Cosmic-ray muons enable navigation where GPS can't reach
A research team led by The University of Tokyo has used superfast, subatomic-sized particles called muons to wirelessly navigate underground, in what is reported to be a world first. Described in the journal iScience, the technology could be deployed in future search and rescue efforts to monitor undersea volcanoes and to guide autonomous vehicles underground and underwater.
GPS is a well-established navigation tool and offers an extensive list of positive applications, from safer air travel to real-time location mapping. However, it has some limitations. GPS signals are weaker at higher latitudes and can be jammed or spoofed (where a counterfeit signal replaces an authentic one). Signals can also be reflected off surfaces like walls, interfered with by trees and blocked by buildings, rock or water.
By comparison, muons have been making headlines in recent years for their ability to help us look deep inside volcanoes, peek through pyramids and see inside cyclones.
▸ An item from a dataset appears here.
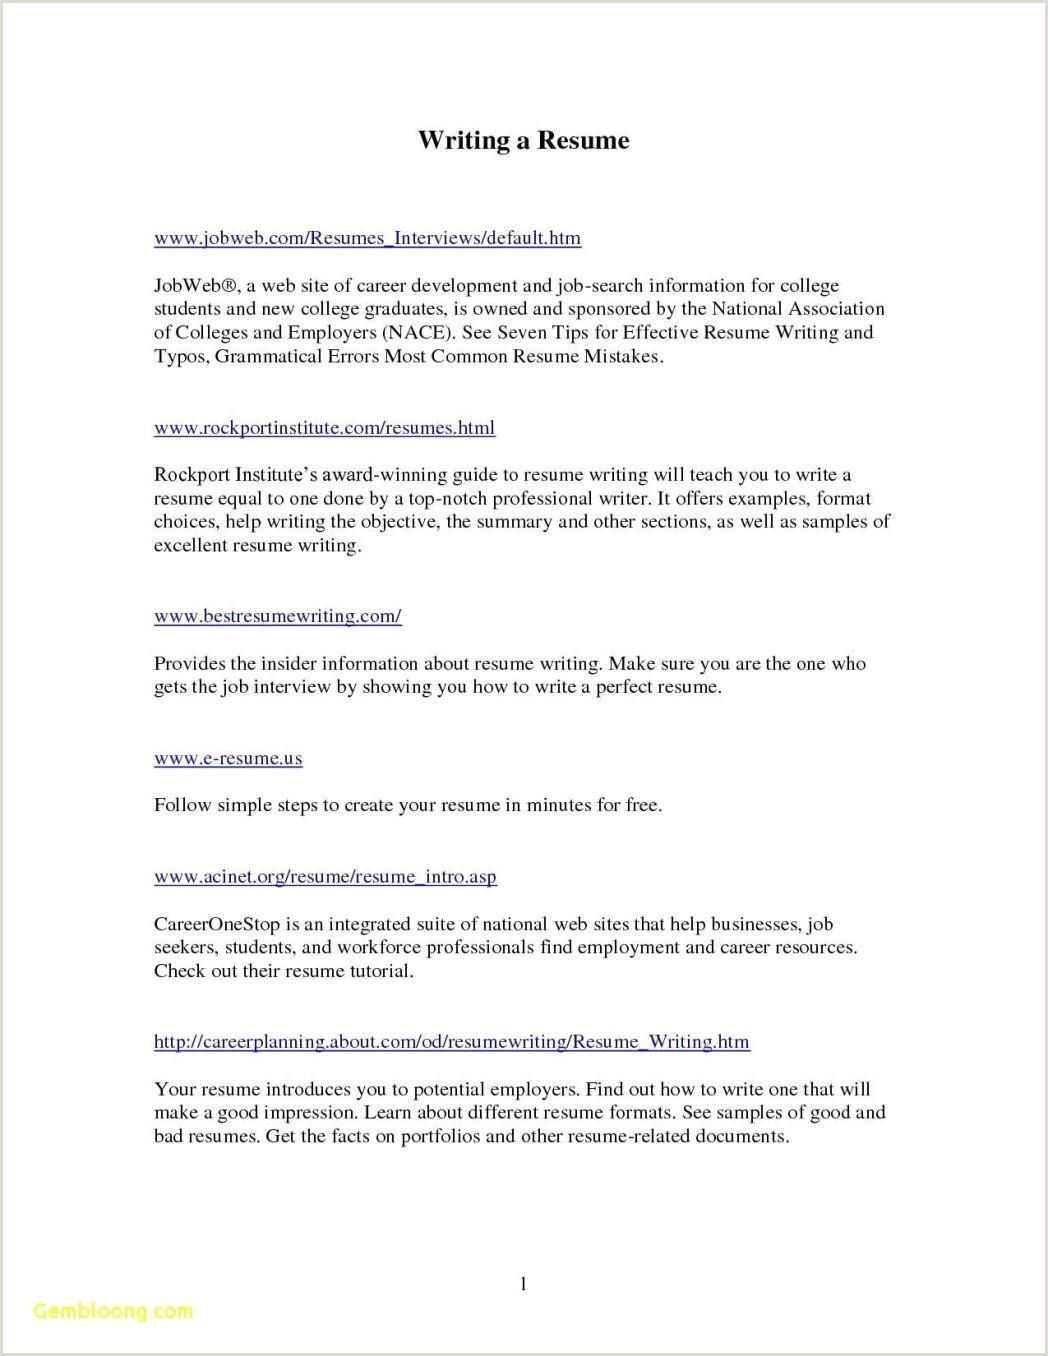 Cover Letter For New Career Sample Application Covering

Muons fall constantly and frequently around the world (about 10,000/m2/min), and they can’t be tampered with. They exist for only 2.2 µs, but because they travel at the speed of light in a vacuum (300,000 km/s), they have enough time to reach Earth from the atmosphere and penetrate deep into the ground.
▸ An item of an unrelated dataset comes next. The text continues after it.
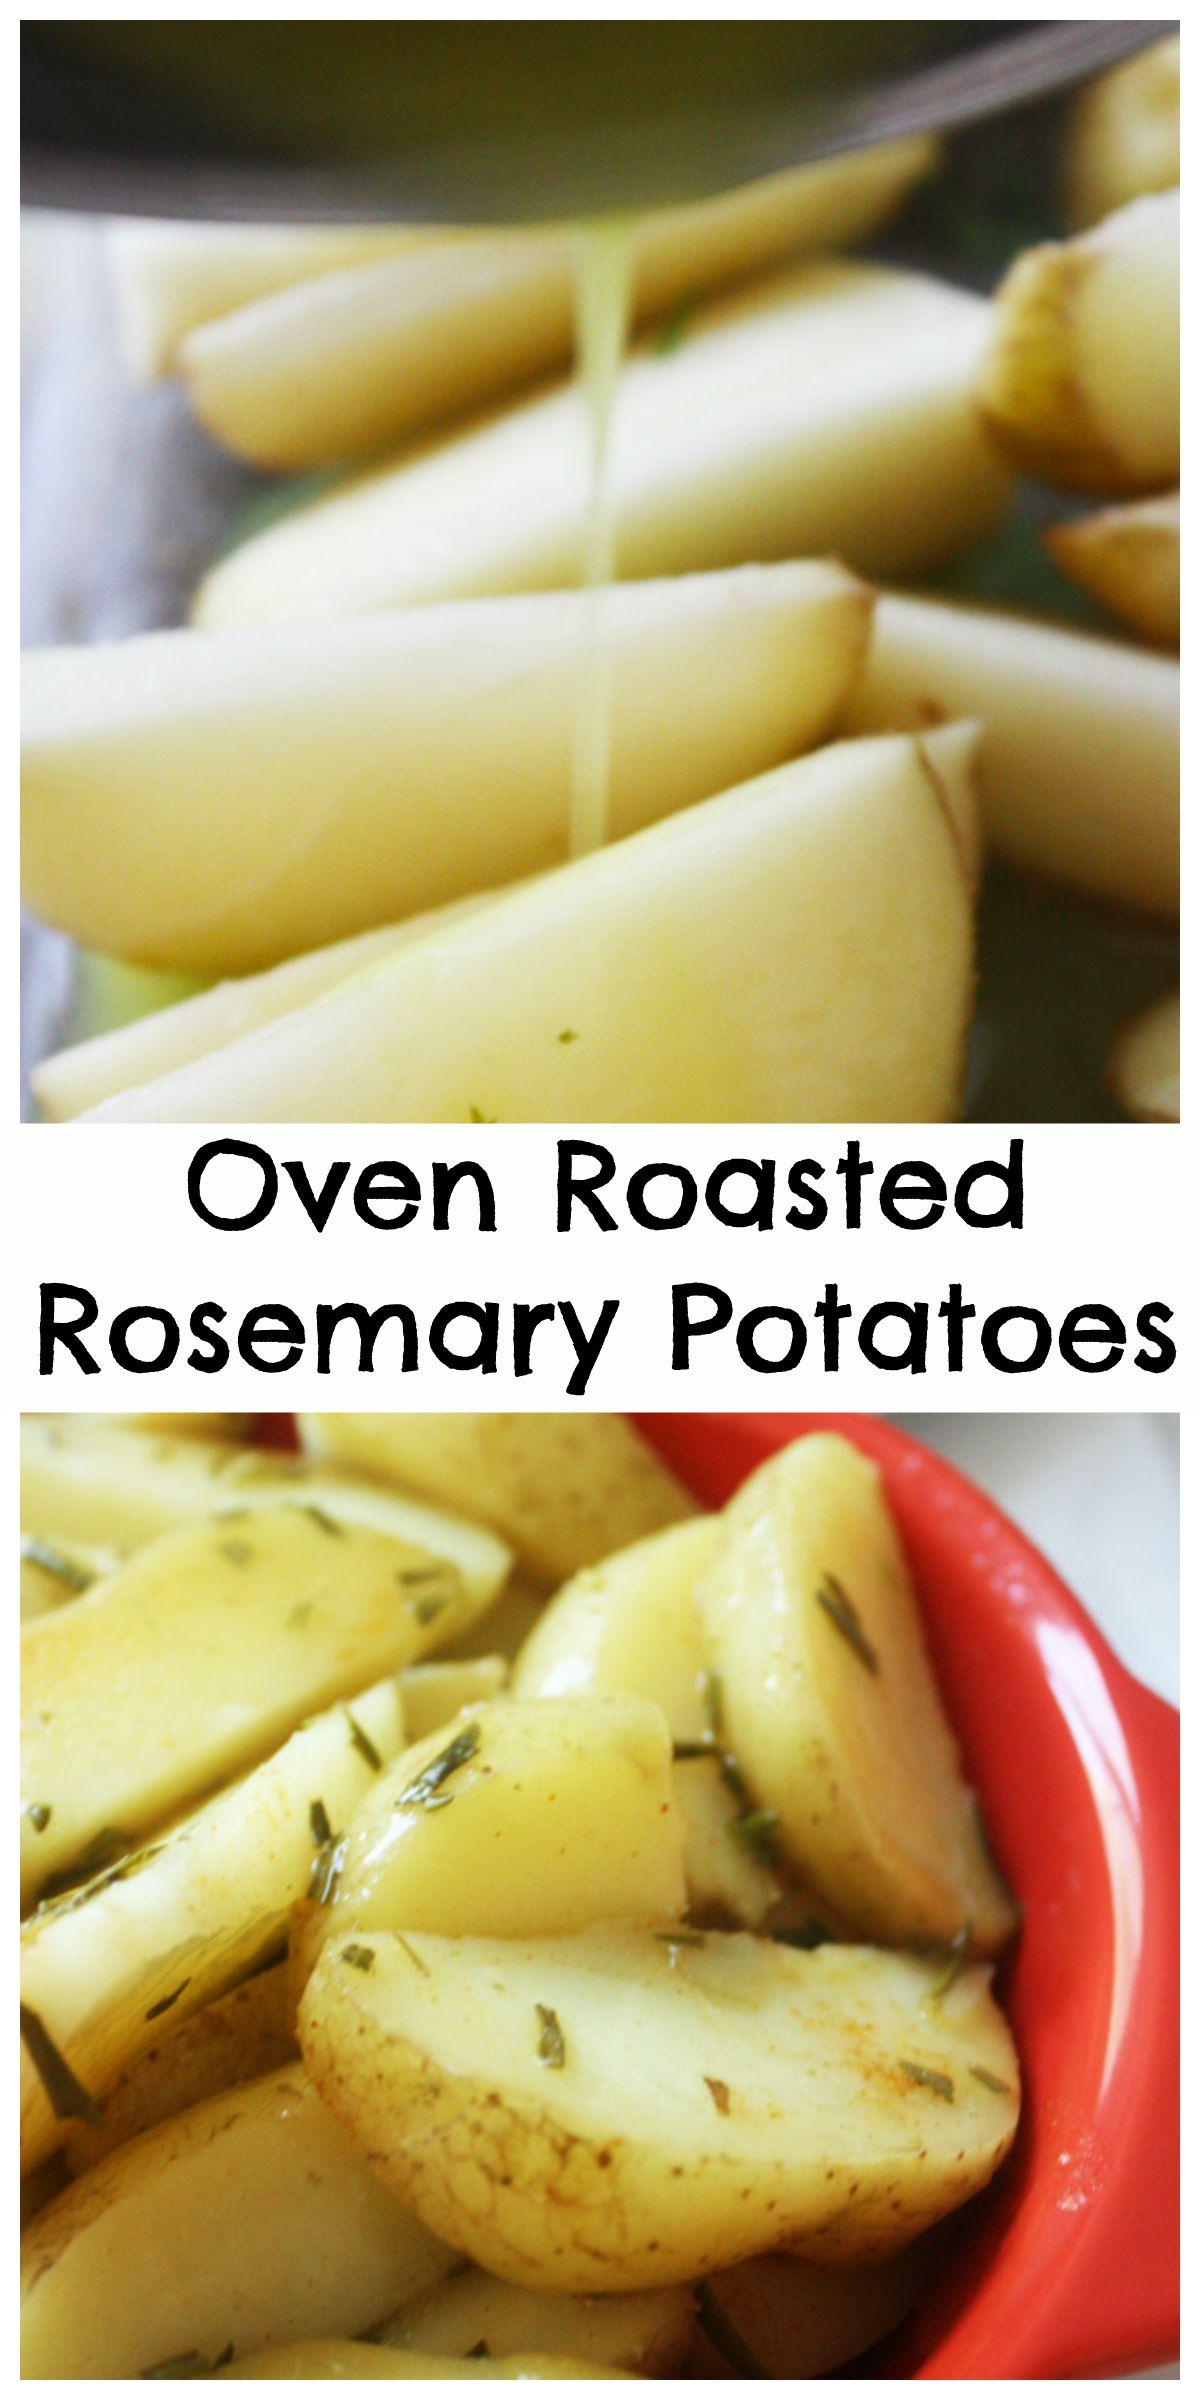 oven roasted rosemary potatoes pin

“Cosmic-ray muons fall equally across the Earth and always travel at the same speed regardless of what matter they traverse, penetrating even kilometres of rock,” explained Professor Hiroyuki Tanaka, from Muographix at The University of Tokyo. “Now, by using muons, we have developed a new kind of GPS, which we have called the muometric positioning system (muPS), which works underground, indoors and underwater.”
MuPS was initially created to help detect seafloor changes caused by underwater volcanoes or tectonic movement. It uses four muon-detecting reference stations above ground to provide coordinates for a muon-detecting receiver underground. Early iterations of this technology required the receiver to be connected to a ground station by a wire, restricting movement, but the latest research uses high-precision quartz clocks to synchronise the ground stations with the receiver. The four parameters provided by the reference stations, plus the synchronised clocks used to measure the muons’ ‘time of flight’, enable the receiver’s coordinates to be determined. This new system is called the muometric wireless navigation system (MuWNS).
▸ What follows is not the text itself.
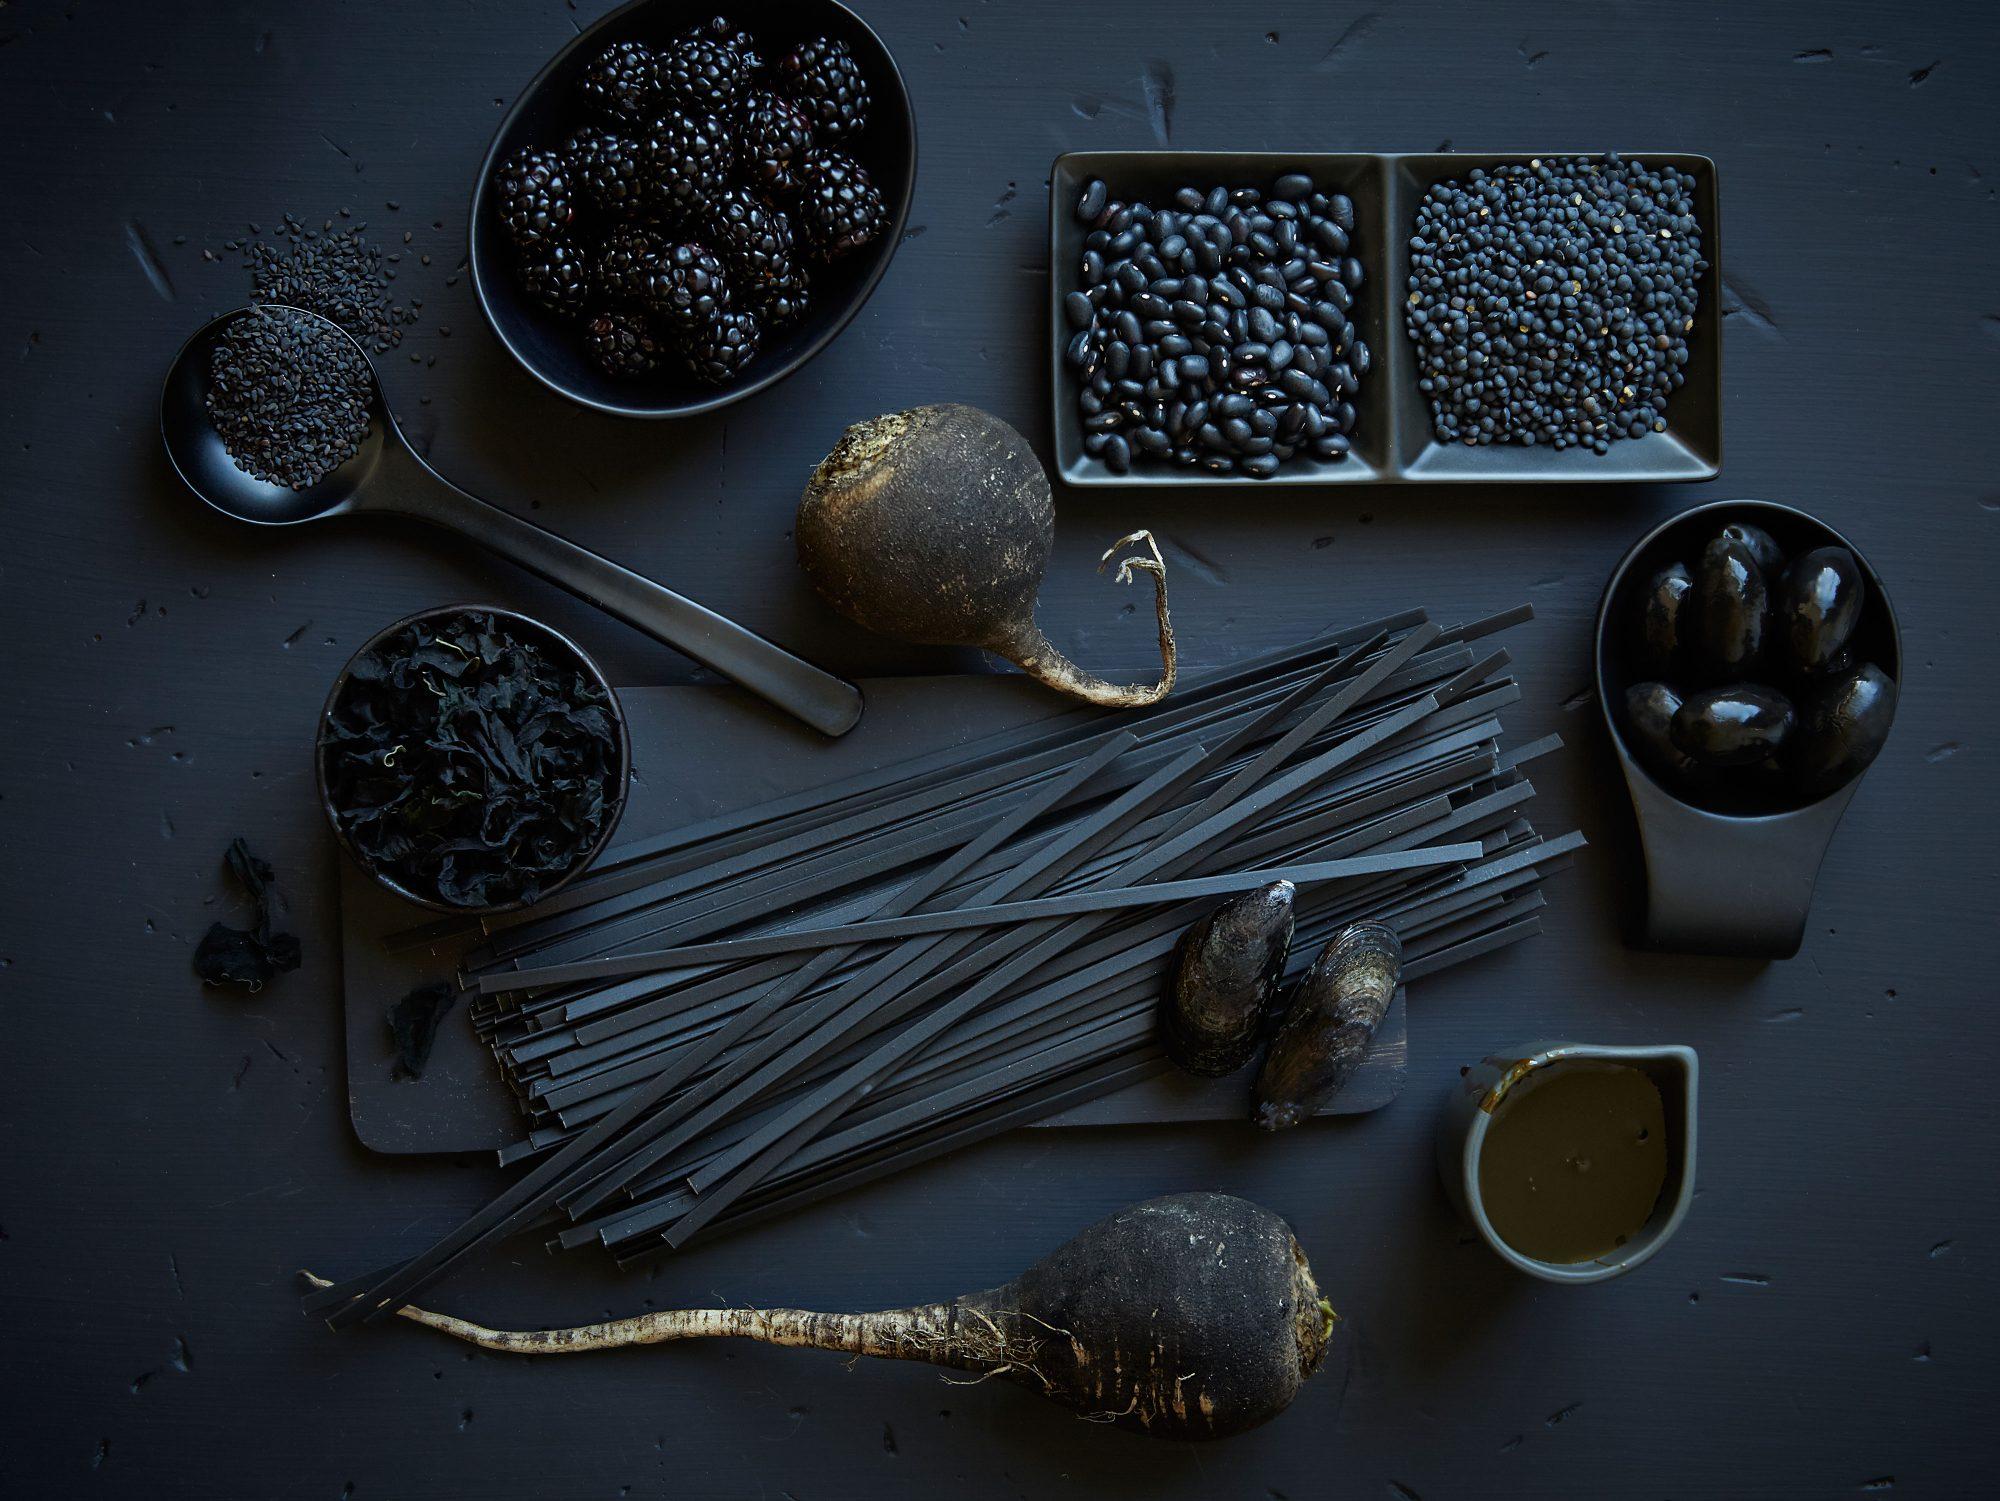 6 All Black Foods For A Deliciously Dark Halloween Spread Myrecipes

To test the navigation ability of MuWNS, reference detectors were placed on the sixth floor of a building while a ‘navigatee’ took a receiver detector to the basement floor. They slowly walked up and down the corridors of the basement while holding the receiver. Rather than navigating in real time, measurements were taken and used to calculate their route and confirm the path they had taken.
“The current accuracy of MuWNS is between 2 metres and 25 metres, with a range of up to 100 metres, depending on the depth and speed of the person walking,” Tanaka said. “This is as good as, if not better than, single-point GPS positioning above ground in urban areas. But it is still far from a practical level. People need one-metre accuracy, and the key to this is the time synchronisation.”
Improving the system to enable real-time, metre-accurate navigation hinges on time and money. Ideally, the team wants to use chip-scale atomic clocks, or CSACs.
“CSACs are already commercially available and are two orders of magnitude better than the quartz clocks we currently use,” Tanaka said.
“They are too expensive for us to use now, but I foresee that they will become much cheaper as the global demand for CSAC for cellphones increases.”
MuWNS could someday be used to navigate robots working underwater or guide autonomous vehicles underground. Aside from the atomic clock, all the other electronic components of MuWNS can now be miniaturised, so the team hopes that eventually fitting it into handheld devices, like smartphones, will be feasible. In emergency situations like a building or mine collapse, this could be a future game changer for search and rescue teams.